I met Colin at his apartment in Williamsburg. We settled onto his living room floor, and as we started figuring out our looks for the evening, he told me what led him to start doing this: “As a kid, I worshipped Celine Dion and Shania Twain—they were making their own worlds. So I moved from Oregon, where I grew up, to Olympia, Washington, where I went to college. I wanted to be a lesbian at that time. I was very effeminate, and the men I was attracted to were butch. I liked this possibility of being in a male-male relationship, but as women.”
Shortly after he moved from Olympia to Chicago in 2009, Colin manifested his desire to be both a man and woman by creating a drag persona. “Olympia musicians like Khaela Maricich and Anna Huff were really drawing these exciting artistic connections between performance and music, and they introduced me to the idea that I could just sing a song in a backyard with a wig and a drum machine and convey something powerful,” he says. “In late 2010, I started going out to clubs and bars in drag.” According to Colin, many queens work within a genre called “realness,” which means successfully passing as a woman, but for the most part, he wasn’t interested in portraying someone hyper-feminine.
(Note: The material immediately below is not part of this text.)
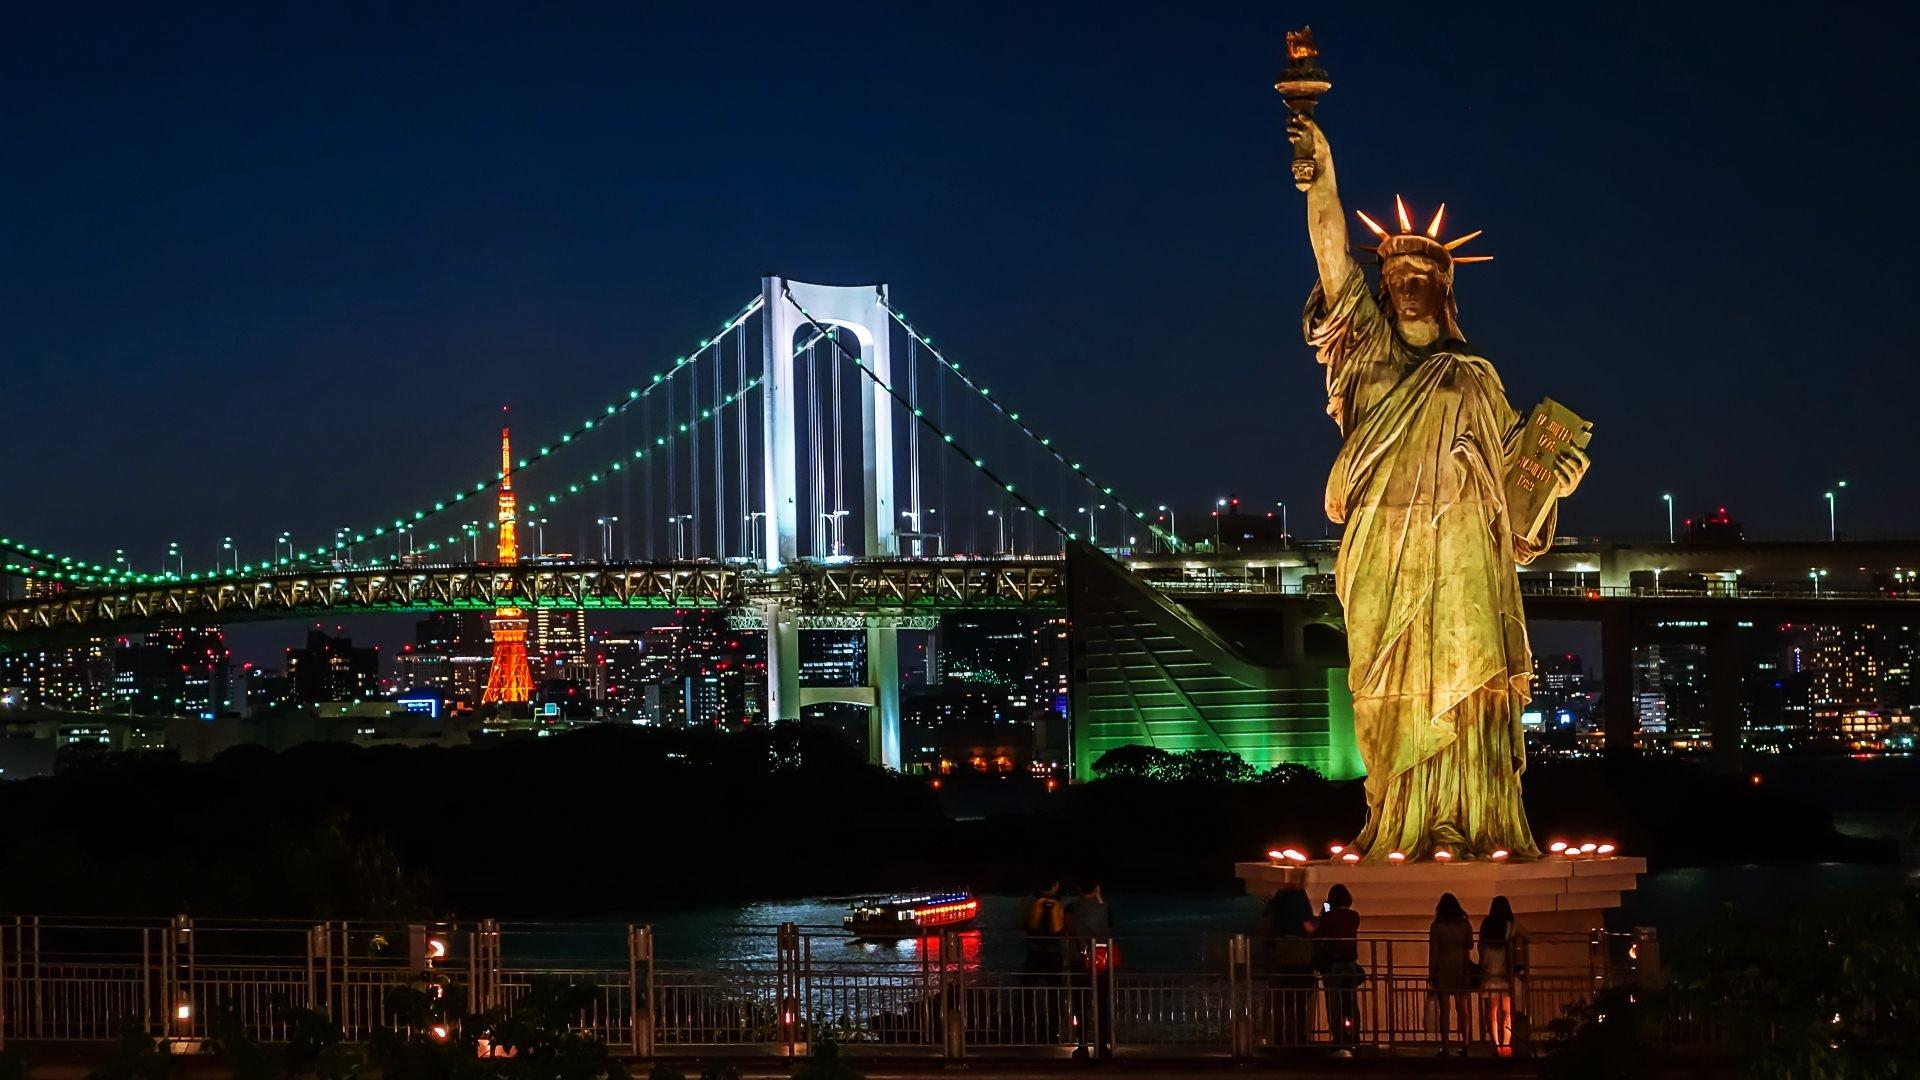 Niagara Falls Wallpaper 1920x1080 Statue Of Liberty Visit All Over The World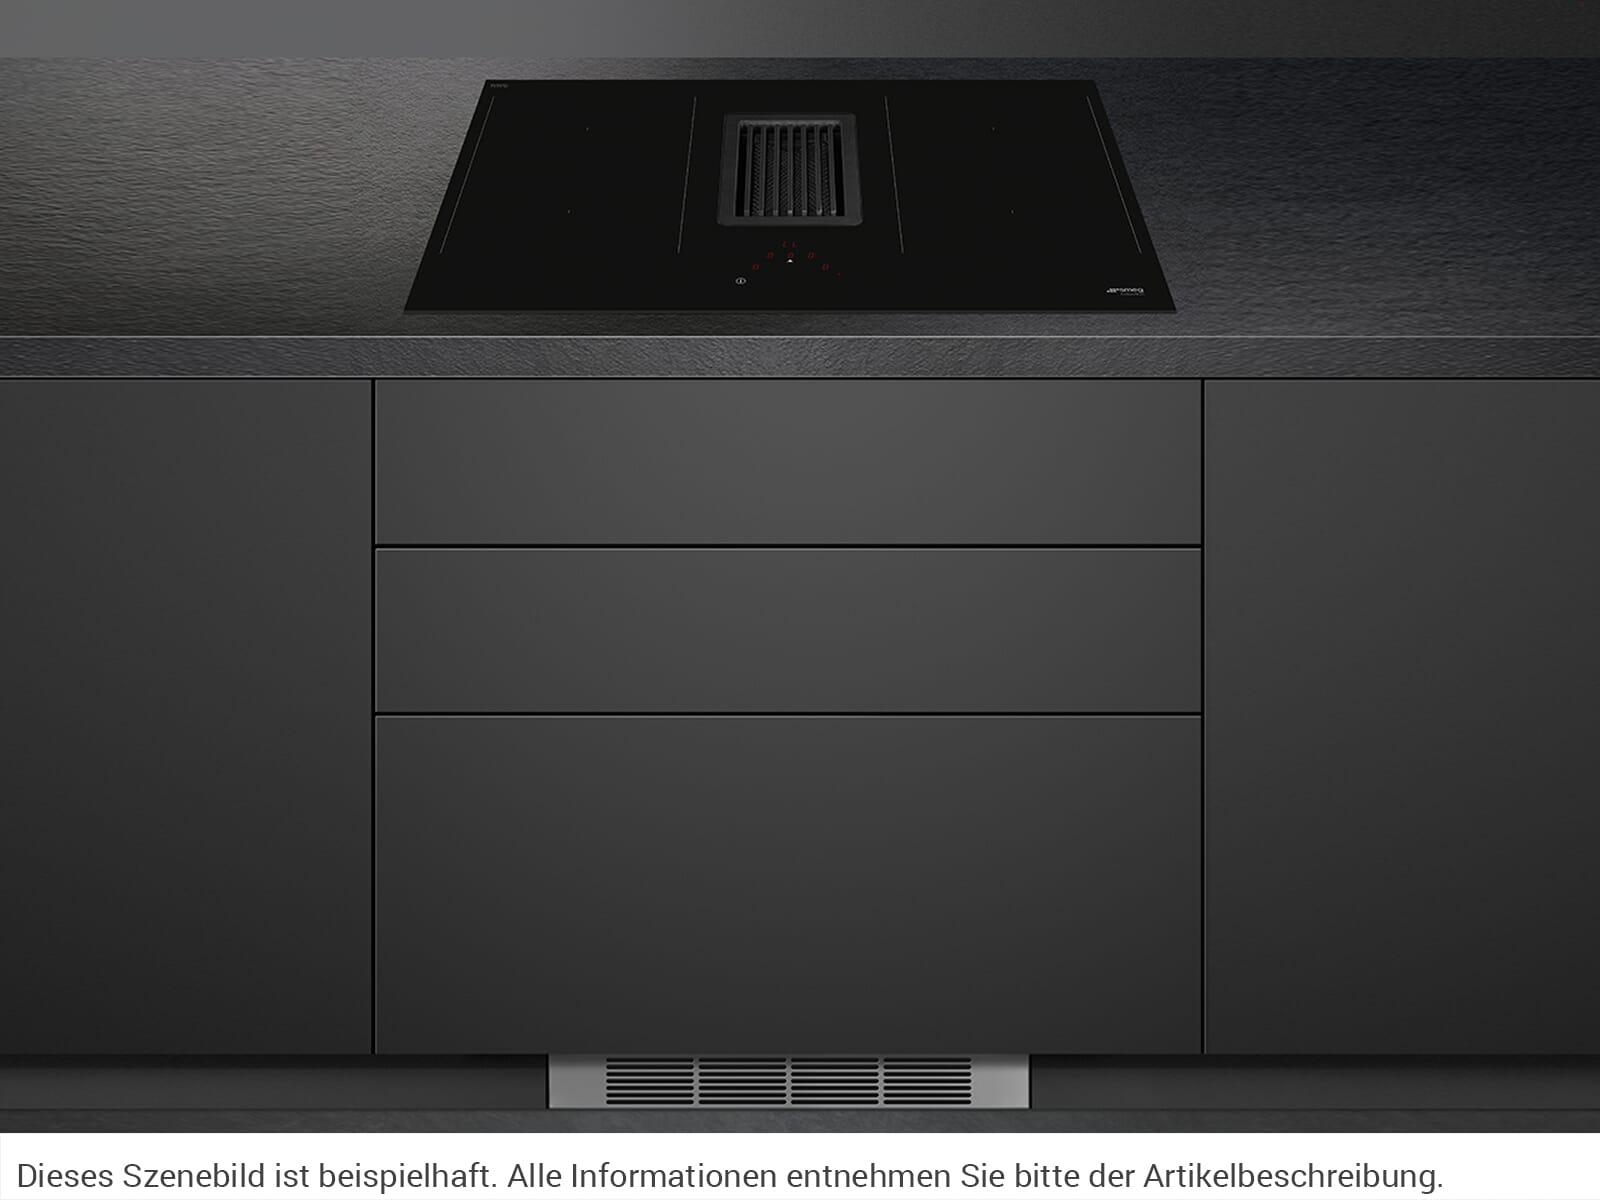 Smeg HOBD482d Induktionskochfeld-Dunstabzug-Kombination

Colin, who refers to himself as a riot grrrl, was also turned off by the way he felt traditional drag clashed with his feminist ideals: “When I first started wearing wigs, I never wore makeup. I didn’t like drag. I didn’t like what it said about women—women shouldn’t have to have all this makeup and hair. But as I got older, I came to realize that drag is all about celebrating female beauty, and I could represent a sexual, feminine woman in mainstream culture and still be a feminist.” Yet despite how cosmeticized Colin looks while performing in drag, he still uses his own name and is proud of the bits of maleness that he allows to show through, like his Adam’s apple.
Colin is a multifaceted performer: depending on the night, he could be dancing, lip-syncing, or showcasing his own music. Along the way, he learned all kinds of fun makeup tricks that he shared with me in our makeover. Although I’m one of the most femme individuals you will ever meet—I wear fake eyelashes every day and dress more or less like Betty Boop—Colin was still able to teach me some amazing secrets. Here’s Colin and me serving ’90s-era, best-girlfriend realness right after we were done:
I think we can all agree that the real winner here is his “bitch” dress, which he scored in a thrift store in the Pacific Northwest, aka prime real estate for the castoffs of grown-up Riot Grrrls. As Colin says, “You either put on an outfit, or a doubtfit.” This is definitely the former.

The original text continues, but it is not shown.